[What is needed]
Although the records contain pictures, repeat only the text of every line exactly.
━━━━━ Data excerpts
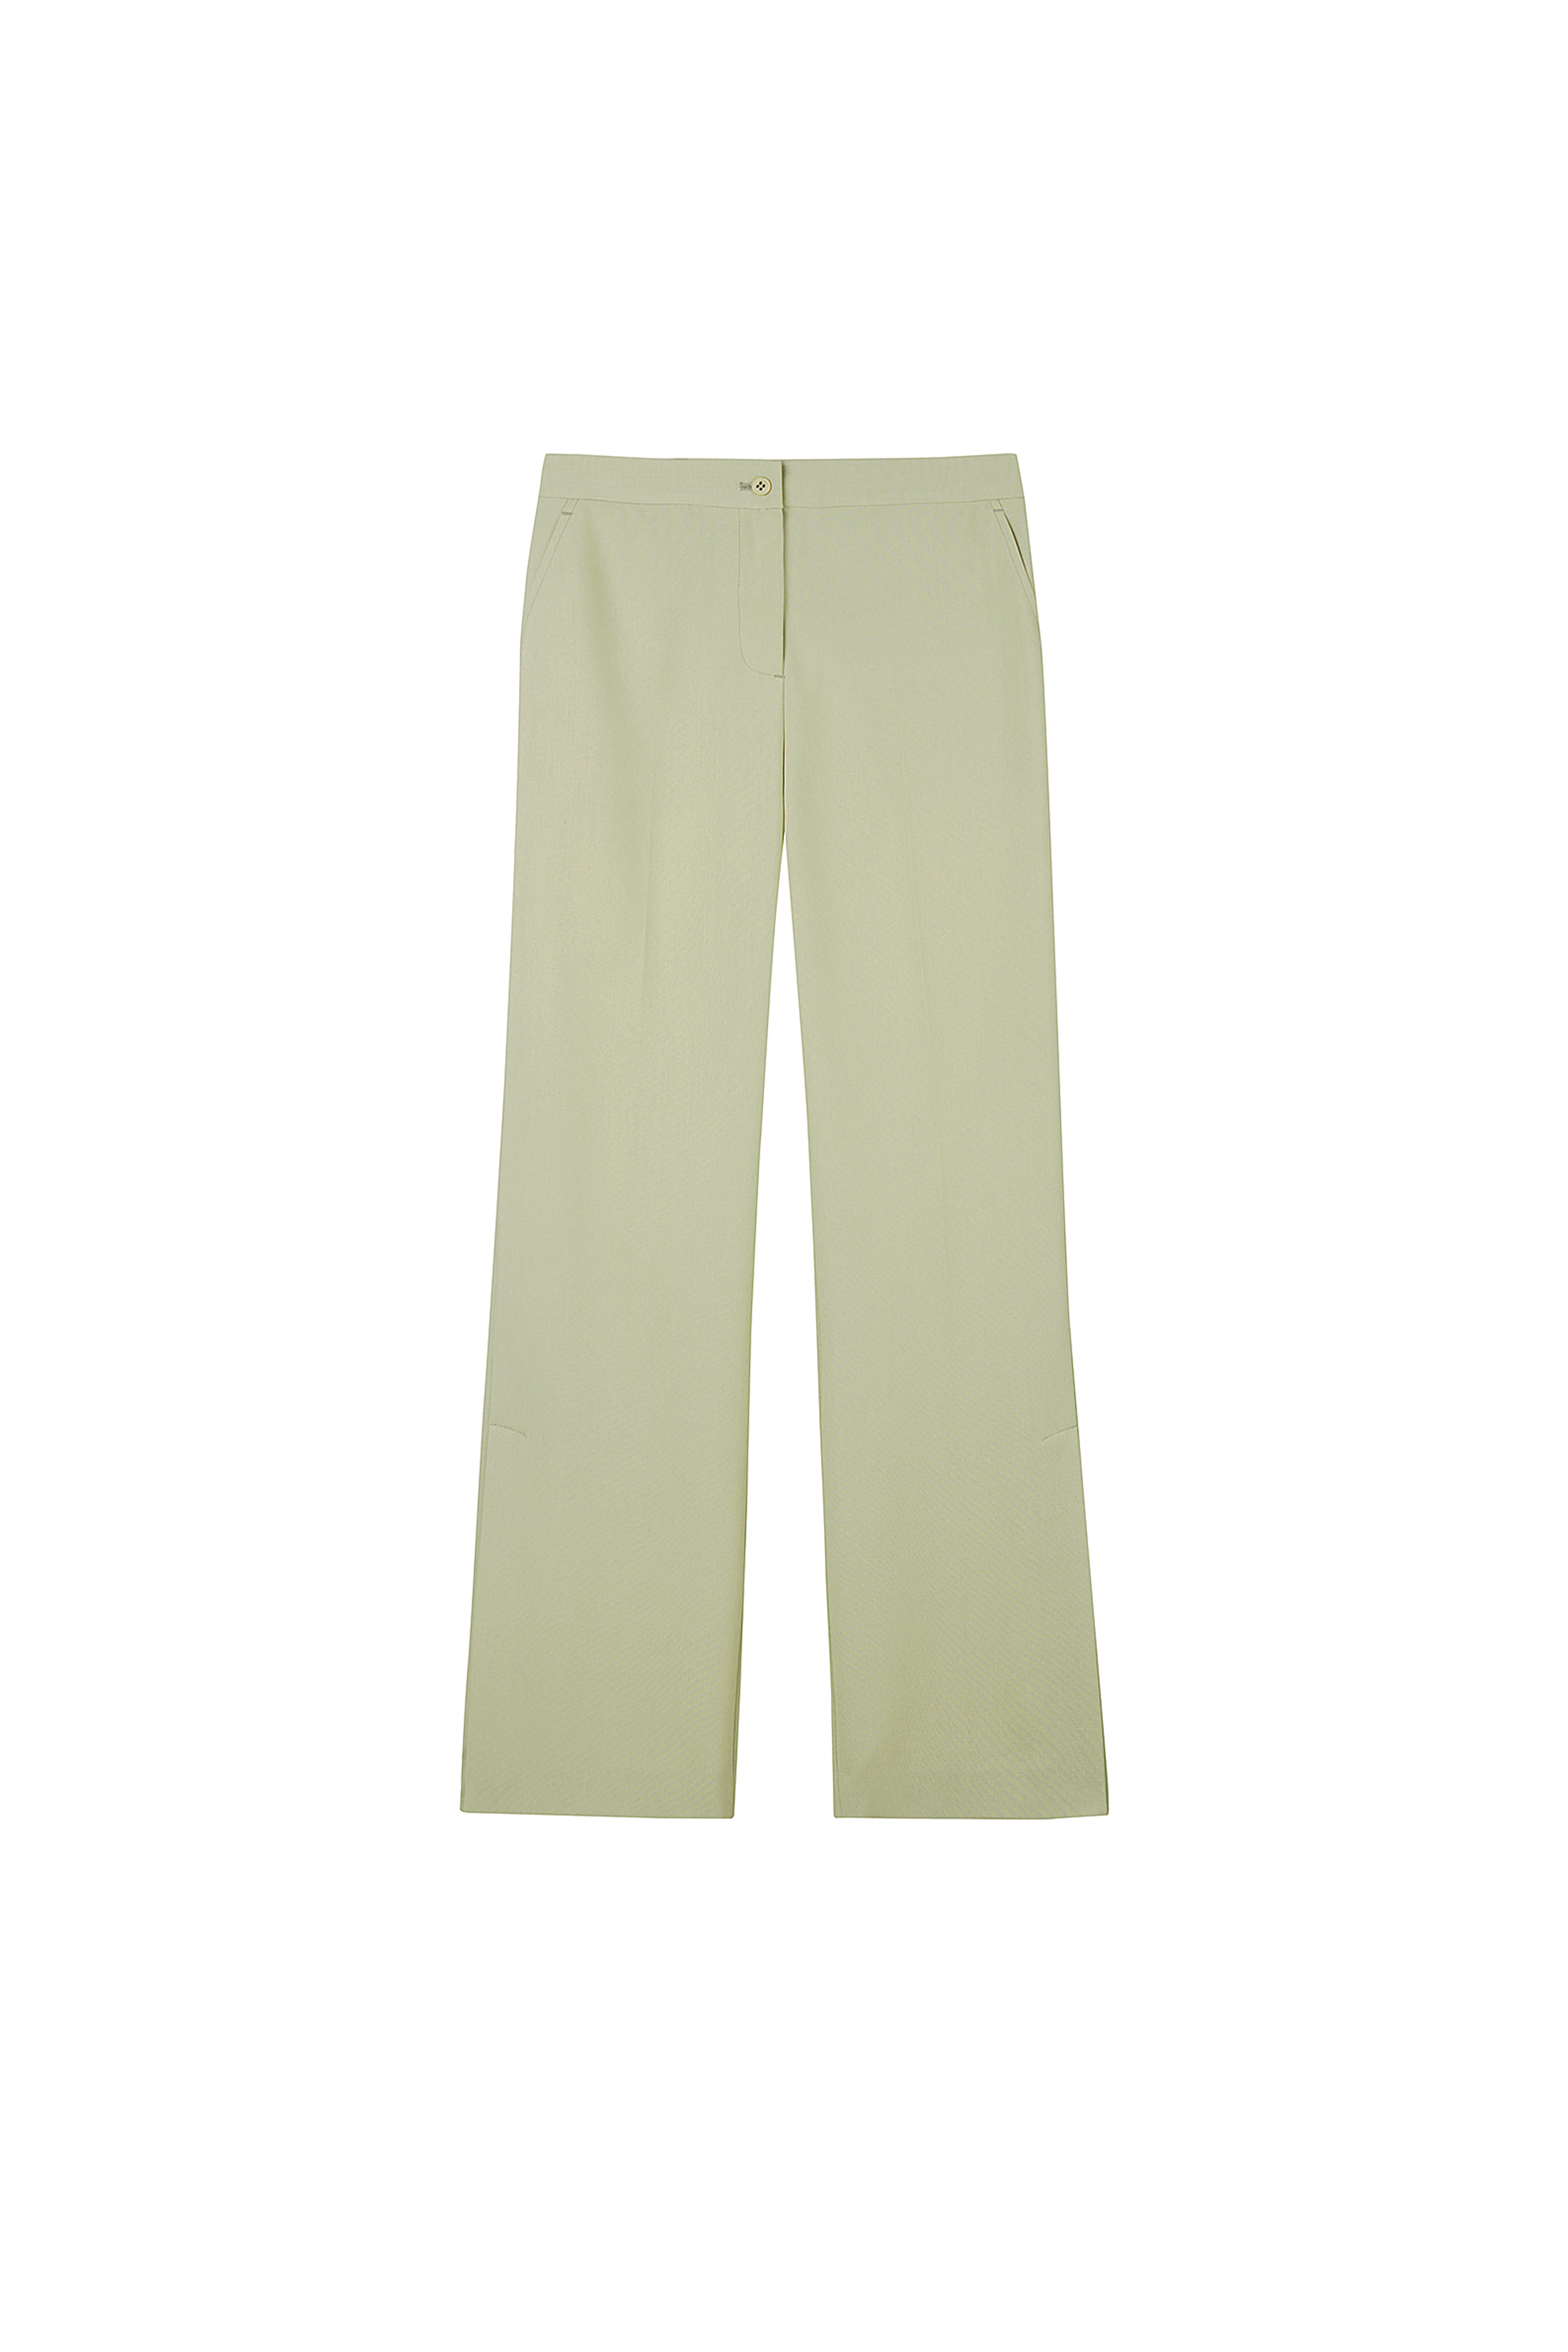 2nd) Slit Semi-Flare Pants Olive
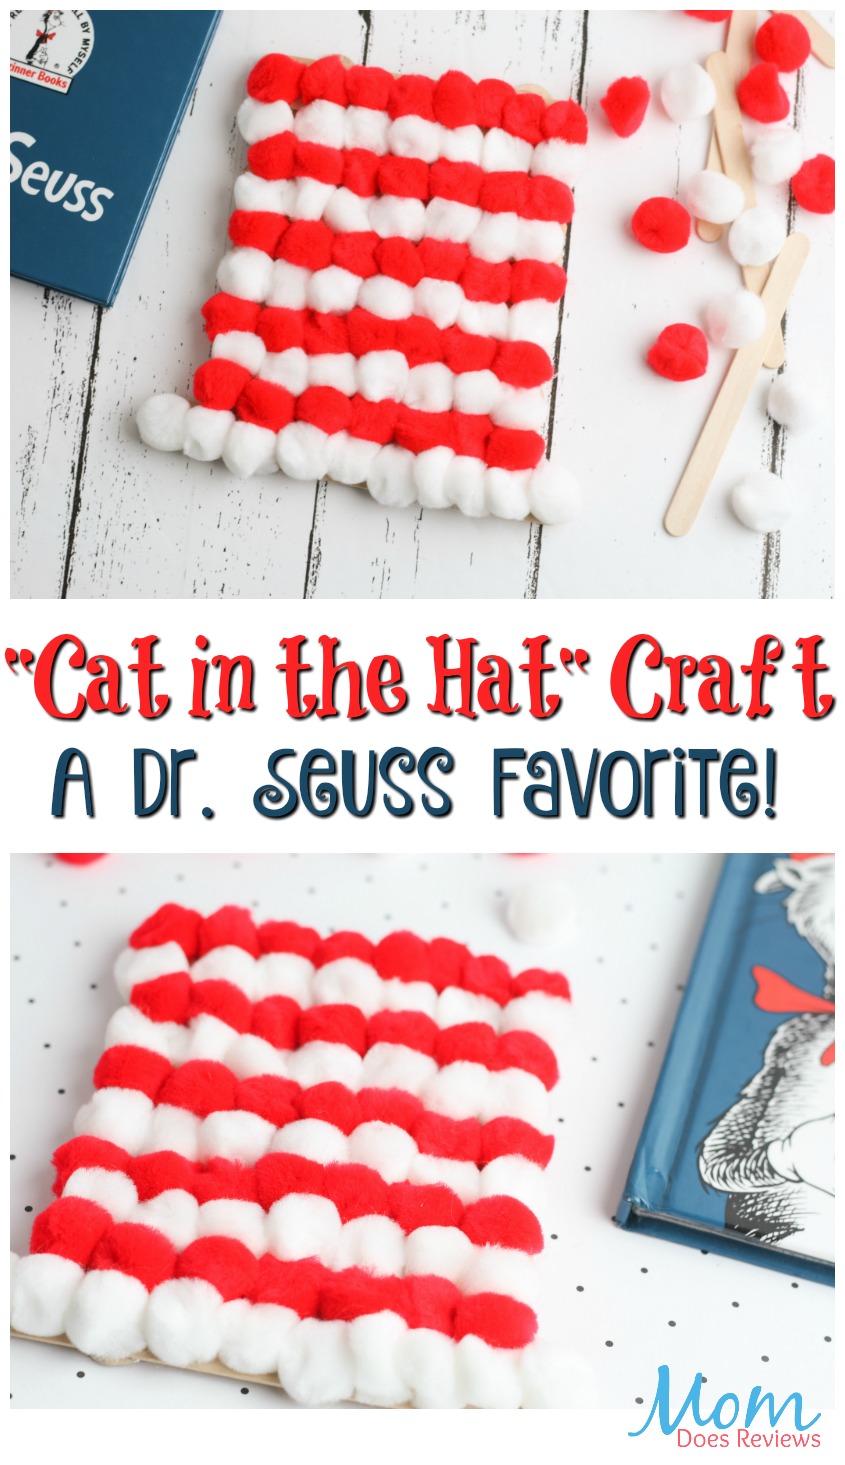 Cat in the Hat Craft #drseuss #craft #funstuff #kids
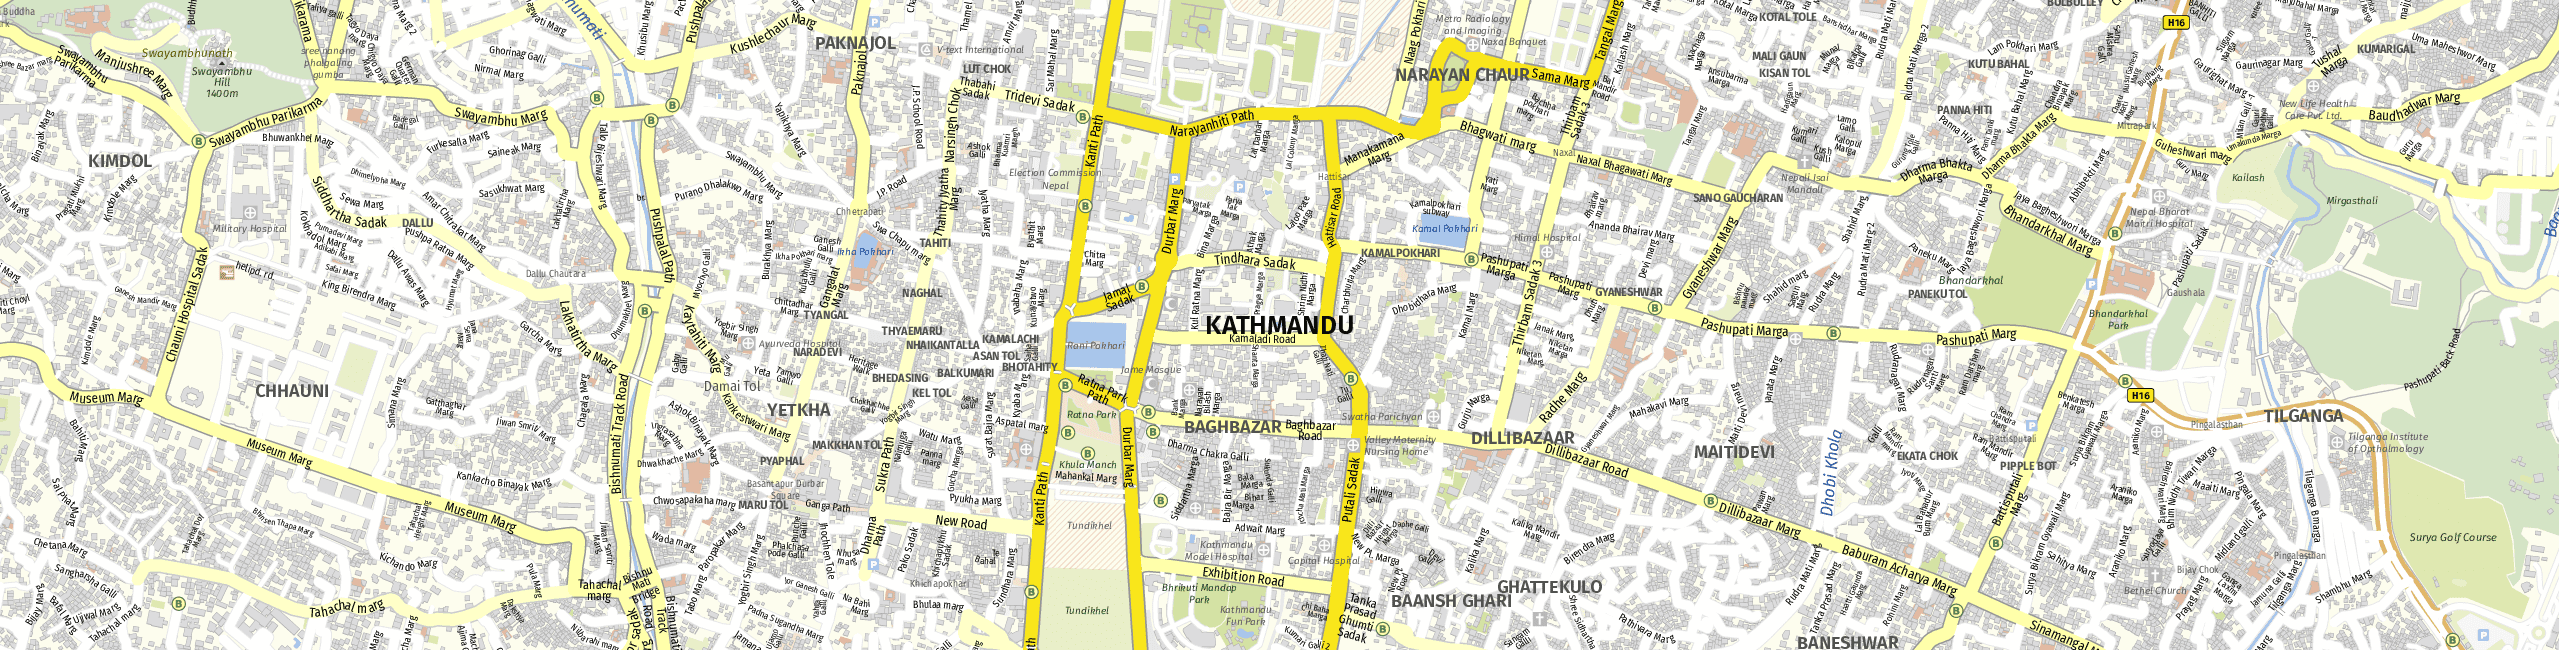 Stadtplan Kathmandu zum Downloaden.
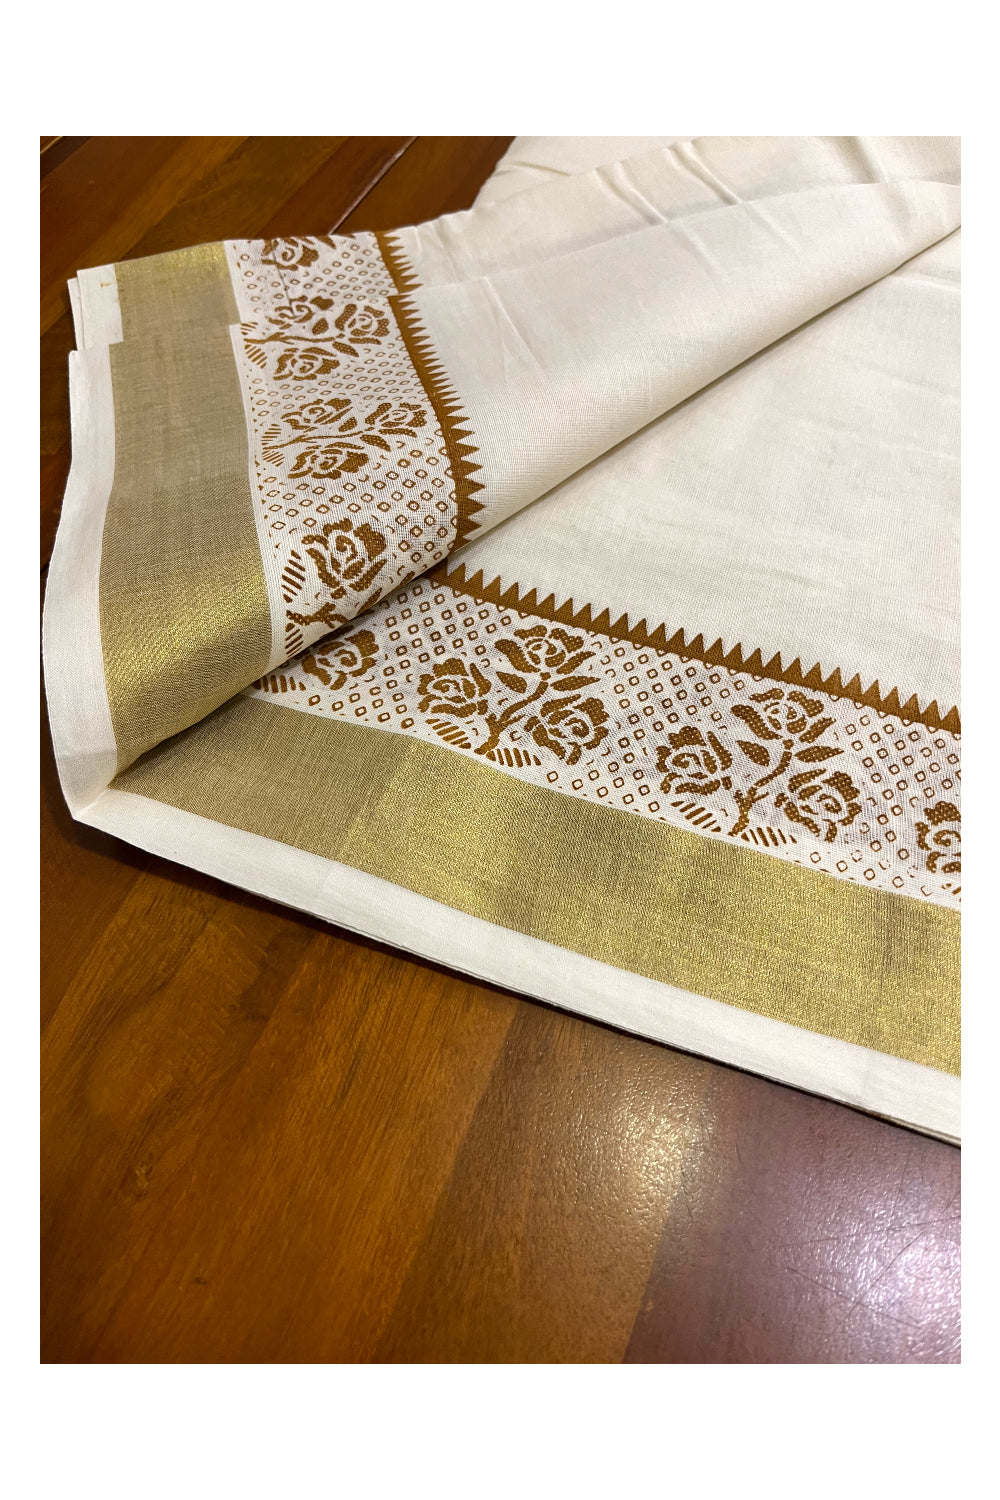 Kerala Cotton Single Set Mundu (Mundum Neriyathum) with Light Brown Block Prints and Kasavu Border - 2.80Mtrs
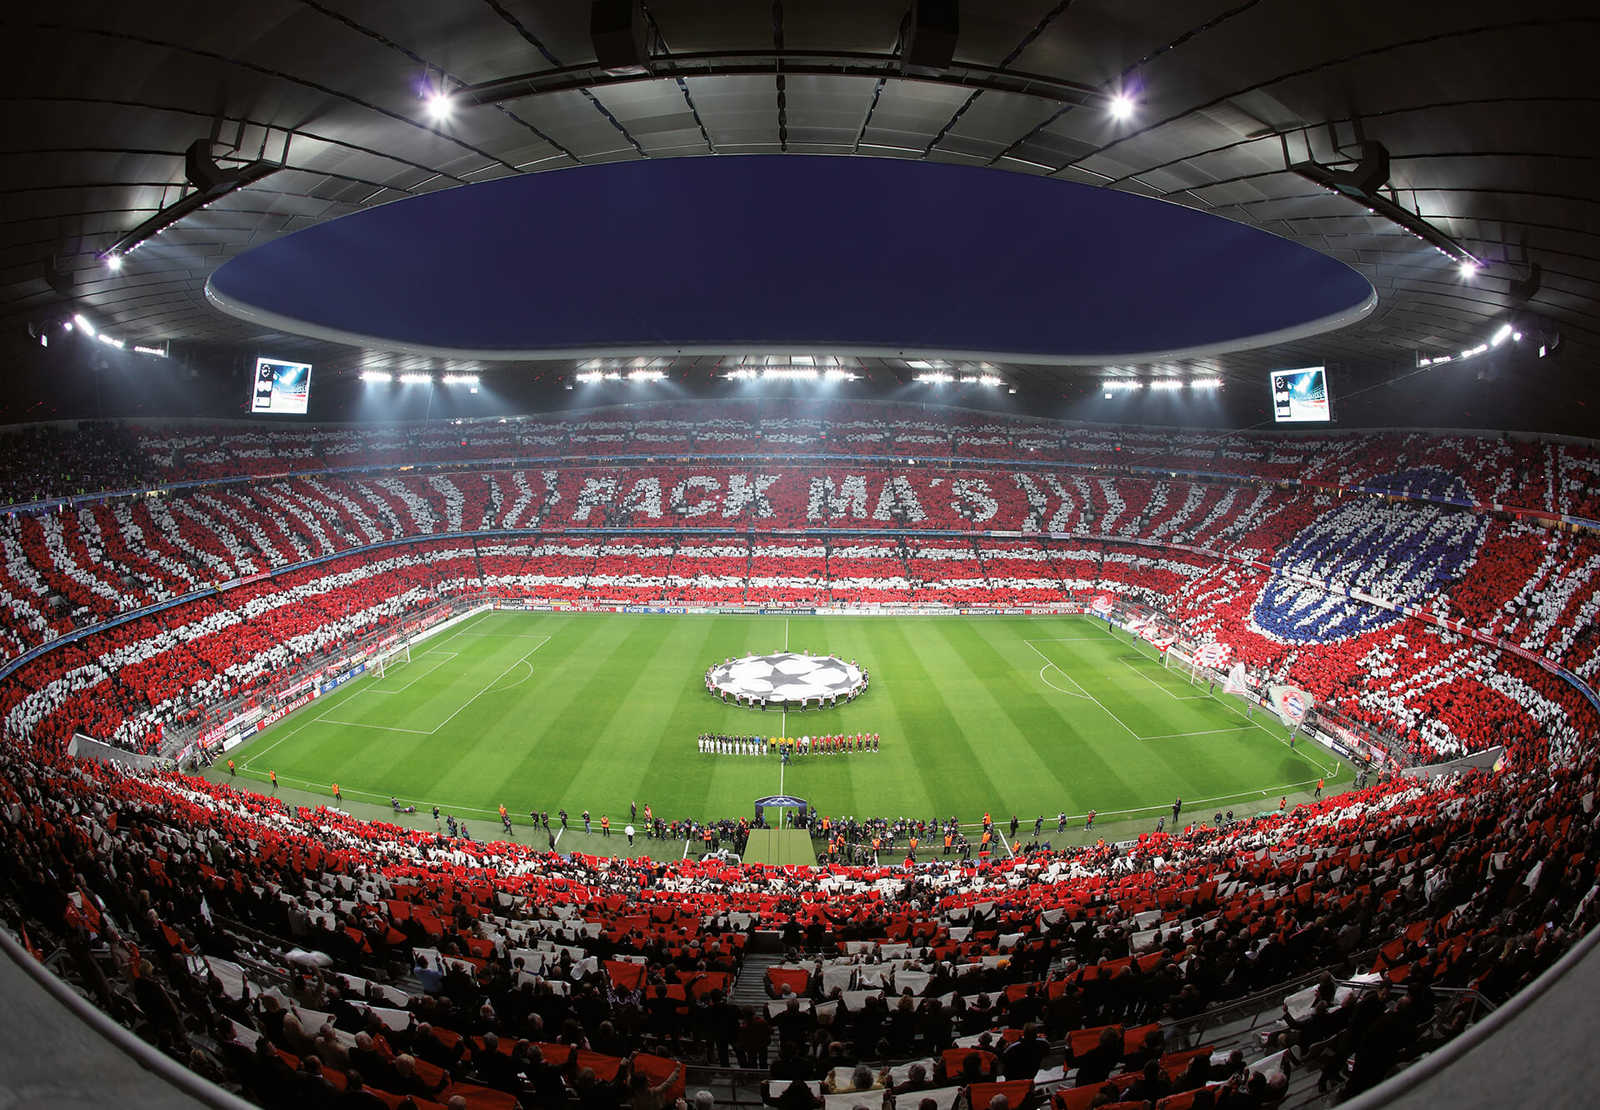         Fototapete FC Bayern Stadion "Pack Ma's"
━━━━━━━━━━
[Exercise output]
 2nd) Slit Semi-Flare Pants Olive
 Cat in the Hat Craft #drseuss #craft #funstuff #kids
 Stadtplan Kathmandu zum Downloaden.
 Kerala Cotton Single Set Mundu (Mundum Neriyathum) with Light Brown Block Prints and Kasavu Border - 2.80Mtrs
         Fototapete FC Bayern Stadion "Pack Ma's"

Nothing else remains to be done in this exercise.